To place these results in proper context, we note that any subtyping method based on tissue morphology or molecular signatures is almost certain to be highly imperfect. In addition, this holds true whether it be implemented in silico or conducted manually by a human pathologist. A 2015 study [38] underscores this problem. There, an expert panel of pathologists created a baseline diagnosis based on consensus of opinion for 240 breast tissue biopsies with samples that included malignancy, pre-cancerous cells and benign tumors. Pathologists from eight states with at least one year of experience in diagnosing cancer were then invited to examine these samples. In total, 115 of them completed their analysis and provided their best diagnoses. Although findings showed that 96% of the invasive breast cancer samples had been diagnosed in concordance with expert consensus, 13% of the diagnoses underreported the severity of stage I breast cancer, while 48% (17%) underreported (overreported) the severity of precancerous samples. False negatives and false positives, such as these, can have devastating effects on patients. They may also lead to a wide spectrum of poor outcomes that include excessive delay, unnecessary treatment, additional expense, needless worry, and even premature morbidity and death.
Finally, we wish to emphasize that this work represents but a first step in determining the utility of paraclique in the molecular subtyping of disease. Although clique-based methods have been used as a basis for tasks such as biomarker detection and gene network elucidation, disease subtyping has received surprisingly little attention. In future work, it would thus be interesting to see systematic comparisons of this and other emergent subtyping technologies. Numerous other research directions beckon. For example, we would like to gain a better understanding of the impacts of improved feature selection, and see extensions of the basic method to multiple heterogeneous data types, an area that has attracted a flurry of recent attention [67,68,69]. Collaborative opportunities to partner with disease specialists may of course also help in subtyping verification via graph theoretical methods at large. Better thresholding and filtering methods may be studied as well, in hopes of increasing the accuracy of subtyping and, in turn, reducing the likelihood of confounding factors. In conclusion, we observe that the overall approach we have described can be applied to numerous other sorts of biological data, as well as data from application domains as diverse as cyberattack detection and social network analysis.

Supplementary Materials

The following are available online at https://www.mdpi.com/1999-4893/14/2/63/s1.

Author Contributions

Conceptualization, R.D.H. and M.A.L.; methodology, R.D.H. and M.A.L.; formal analysis, R.D.H. and M.A.L.; data curation, R.D.H.; writing—original draft preparation, R.D.H. and M.A.L.; funding acquisition, M.A.L. All authors have read and agreed to the published version of the manuscript.

Funding

This research has been supported in part by the National Institute of Alcohol Abuse and Alcoholism and the National Institute on Drug Abuse under grant R01AA018776, by the National Institute of Diabetes and Digestive and Kidney Diseases under grant R01DK125586, and by the Department of Veterans Affairs under grant HX002680.

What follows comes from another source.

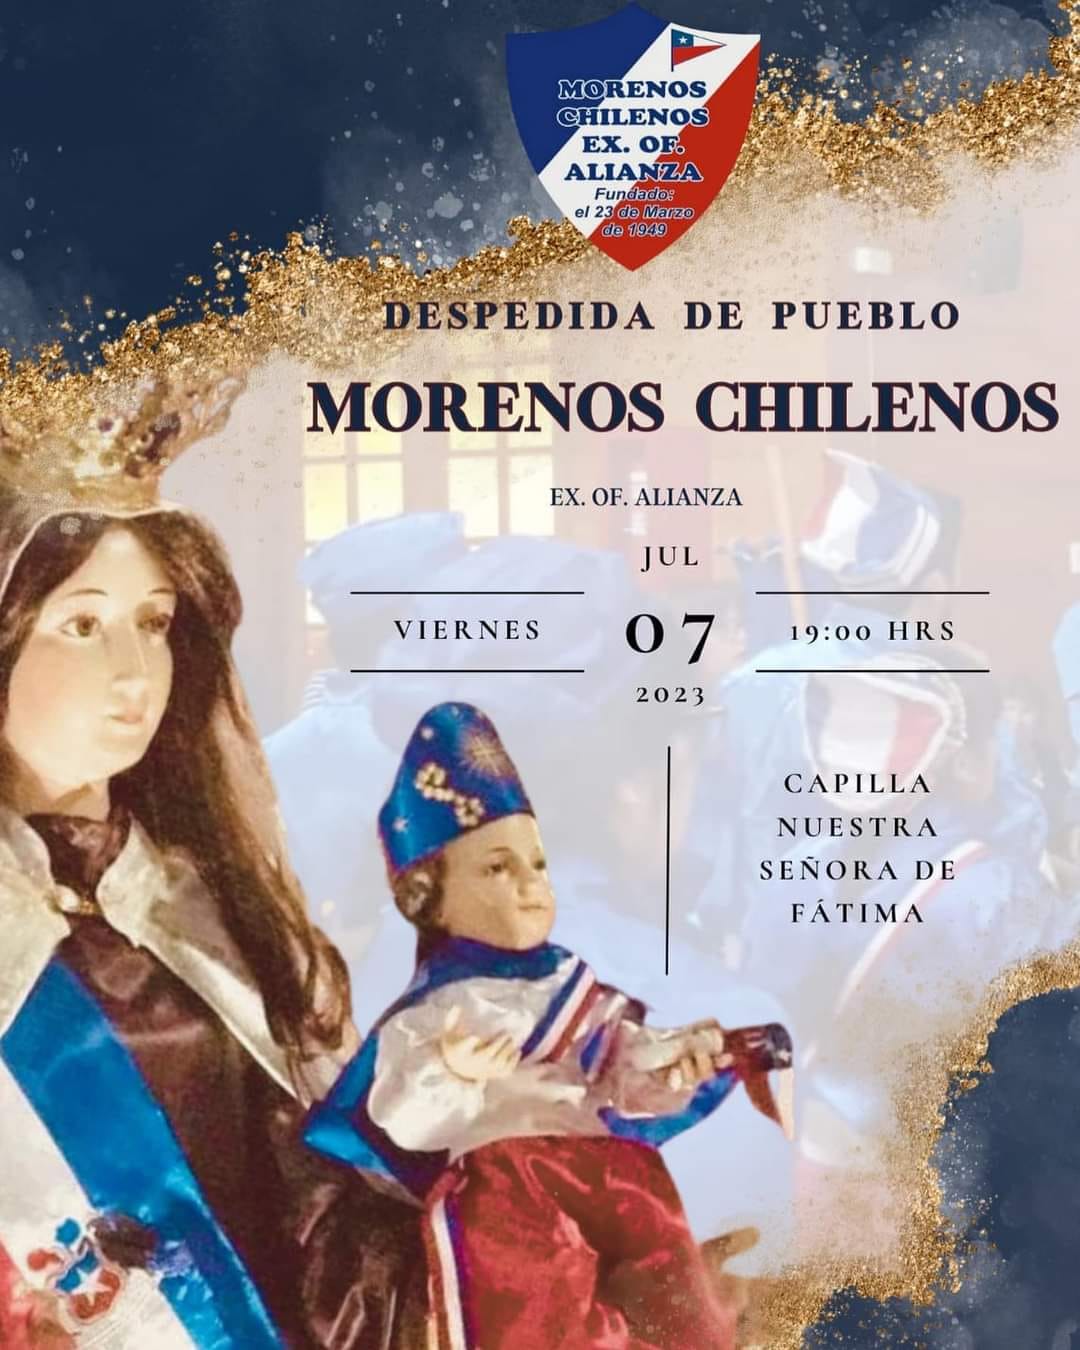 Despedida de Pueblo Morenos Chilenos

Data Availability Statement

All data used in this study is available for public download from the Gene Expression Omnibus (GEO) website at https://www.ncbi.nlm.nih.gov/geo/ (accessed on 15 October 2020).

Acknowledgments

We thank the anonymous reviewers for their careful reading, thoughtful critiques, and helpful comments.

Conflicts of Interest

The authors declare no conflict of interest.

References

  1. Savas, P.; Hughes, B.; Solomon, B. Targeted Therapy in Lung Cancer: IPASS and Beyond, Keeping Abreast of the Explosion of Targeted Therapies for Lung Cancer. J. Thorac. Dis. 2013, 5 (Suppl. 5), S579. [Google Scholar]
  2. Mok, T.S.; Wu, Y.-L.; Thongprasert, S.; Yang, C.-H.; Chu, D.-T.; Saijo, N.; Sunpaweravong, P.; Han, B.; Margono, B.; Ichinose, Y. Gefitinib or carboplatin–paclitaxel in pulmonary adenocarcinoma. N. Engl. J. Med. 2009, 361, 947–957. [Google Scholar] [CrossRef] [PubMed]
  3. Shaw, A.T.; Kim, D.-W.; Nakagawa, K.; Seto, T.; Crinó, L.; Ahn, M.-J.; de Pas, T.; Besse, B.; Solomon, B.J.; Blackhall, F. Crizotinib versus chemotherapy in advanced ALK-positive lung cancer. N. Engl. J. Med. 2013, 368, 2385–2394. [Google Scholar] [CrossRef] [PubMed] [Green Version]
  4. Leith, C.P.; Kopecky, K.J.; Godwin, J.; McConnell, T.; Slovak, M.L.; Chen, I.-M.; Head, D.R.; Appelbaum, F.R.; Willman, C.L. Acute myeloid leukemia in the elderly: Assessment of multidrug resistance (MDR1) and cytogenetics distinguishes biologic subgroups with remarkably distinct responses to standard chemotherapy. A Southwest Oncology Group study. Blood J. Am. Soc. Hematol. 1997, 89, 3323–3329. [Google Scholar] [CrossRef]
  5. Balko, J.M.; Cook, R.S.; Vaught, D.B.; Kuba, M.G.; Miller, T.W.; Bhola, N.E.; Sanders, M.E.; Granja-Ingram, N.M.; Smith, J.J.; Meszoely, I.M.J.N.M. Profiling of residual breast cancers after neoadjuvant chemotherapy identifies DUSP4 deficiency as a mechanism of drug resistance. Nat. Med. 2012, 18, 1052–1059. [Google Scholar] [CrossRef] [Green Version]
  6. Kuruvilla, M.E.; Lee, F.E.-H.; Lee, G.B. Understanding asthma phenotypes, endotypes, and mechanisms of disease. Clin. Rev. Allergy Immunol. 2019, 56, 219–233. [Google Scholar] [CrossRef]
  7. Di Fede, G.; Catania, M.; Maderna, E.; Ghidoni, R.; Benussi, L.; Tonoli, E.; Giaccone, G.; Moda, F.; Paterlini, A.; Campagnani, I. Molecular subtypes of Alzheimer’s disease. Sci. Rep. 2018, 8, 1–14. [Google Scholar] [CrossRef] [PubMed]
  8. Weiser, M.; Simon, J.M.; Kochar, B.; Tovar, A.; Israel, J.W.; Robinson, A.; Gipson, G.R.; Schaner, M.S.; Herfarth, H.H.; Sartor, R.B. Molecular classification of Crohn’s disease reveals two clinically relevant subtypes. Gut 2018, 67, 36–42. [Google Scholar] [CrossRef] [Green Version]
  9. Alizadeh, A.A.; Eisen, M.B.; Davis, R.E.; Ma, C.; Lossos, I.S.; Rosenwald, A.; Boldrick, J.C.; Sabet, H.; Tran, T.; Yu, X. Distinct types of diffuse large B-cell lymphoma identified by gene expression profiling. Nature 2000, 403, 503–511. [Google Scholar] [CrossRef]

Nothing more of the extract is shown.